There is also a great variety of value-added applications for starch in non-food industries, and each application requires very particular functional characteristics. Even in the most basic non-food applications of starch, a great deal of value-addition is employed: adhesive starches are acid- or alkali-treated, and modified with oxidizing agents, salts and alcohols. Textile starches are esterified, oxidized and subject to various cross-linking agents.
The use of sophisticated, value-added starches is especially notable in paper products. Starches are used to give greater strength to tissues and paper towels, and they allow a greater use of recycled paper in liner board and cardboard. The growing demand for biodegradability promises to provide additional volumes as starch is used in plastic films and sheets as well as natural fibre formulations that will eventually replace plastic foams.
The volume of starch going into non-food uses is enormous. In fact, non-food uses of starch are a prime indicator of a country's economy. An active economy needs construction materials for buildings, industrial plants and housing, paper for administration, packaging and wrapping various products, and adhesives to stick all this economic activity together. As the economy booms, so does the volume of starches going into non-food uses. As countries develop, so does their demand for high quality, highly functional, value-added starches.
Information gap. The particular physical and chemical properties of individual starches are the keys to their commercial success. A search of Food Science and Technology Abstracts and the Foods Intelligence databases found a huge gap between information available on the physical properties of the Big Three of starch - wheat, maize and potato - and information on tropical starches.
Publications on yam, millet, sorghum and cassava account for less than 12% of the total. A similar profile emerges in research on chemical properties and on the modification of starches.

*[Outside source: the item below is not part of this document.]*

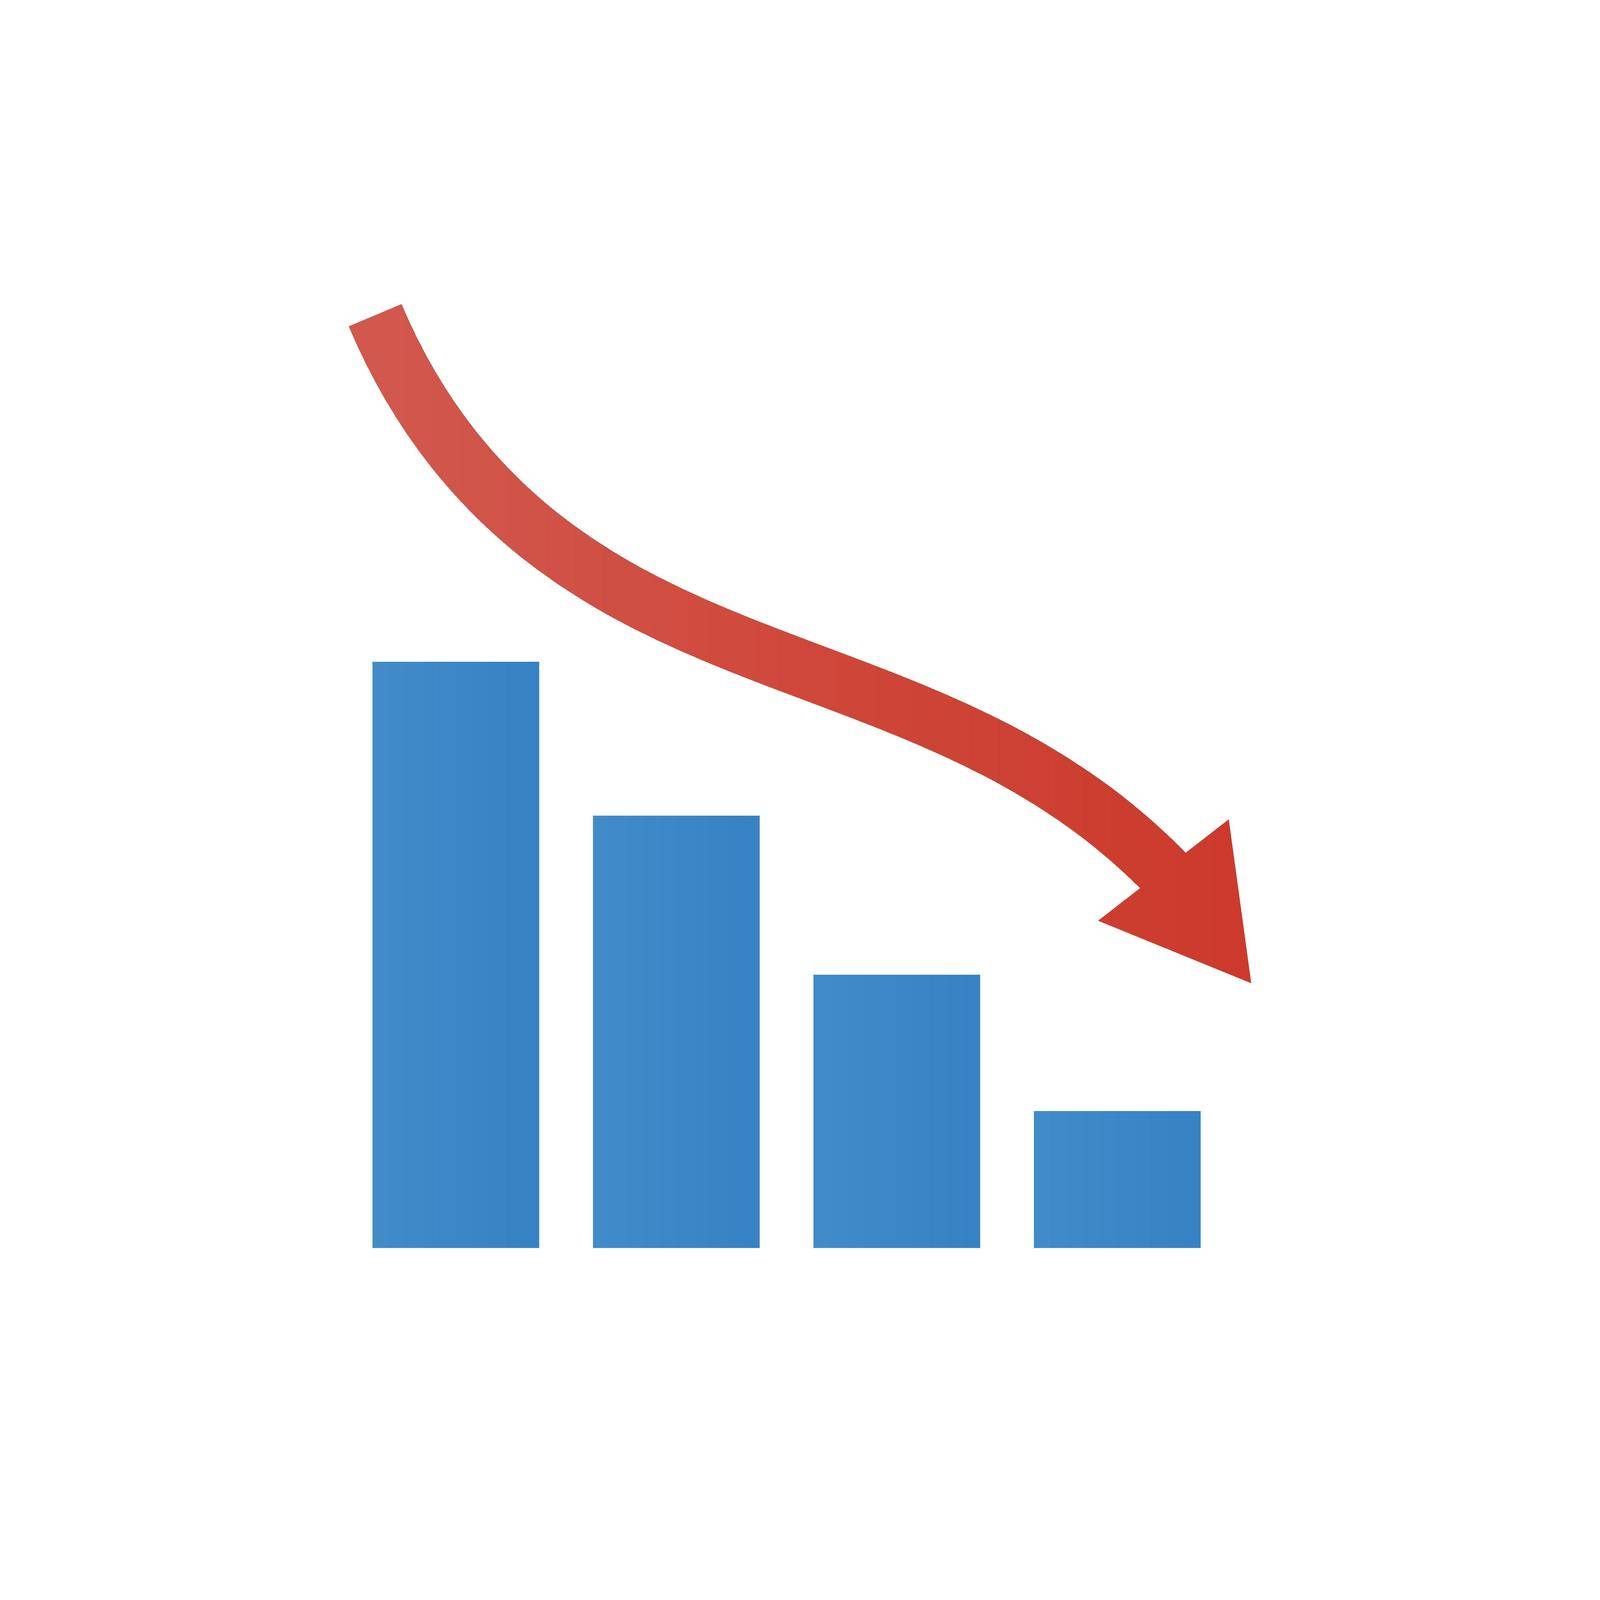 Decreasing arrow and bar graph icon. Decline in business performance. Vector. by illust_monster

The AGSI study concludes that much work remains to be done on the functional characteristics of native as well as modified tropical starches if they are ever to become competitive. It urges a shift in agricultural research in tropical countries - where no strong tradition of value-added research and development has been established - toward those product characteristics that make processing easier or more efficient, such as uniform-shaped roots or thin, easy-to-peel skins. Slight changes in amylose/amylopectin ratios can have tremendous effects on a wide range of functional characteristics.
These are properties that the end-user requires and is willing to pay for. Without this new orientation in research - at national and international levels - there is little hope of establishing a significant presence of value-added starches from developing countries on world markets.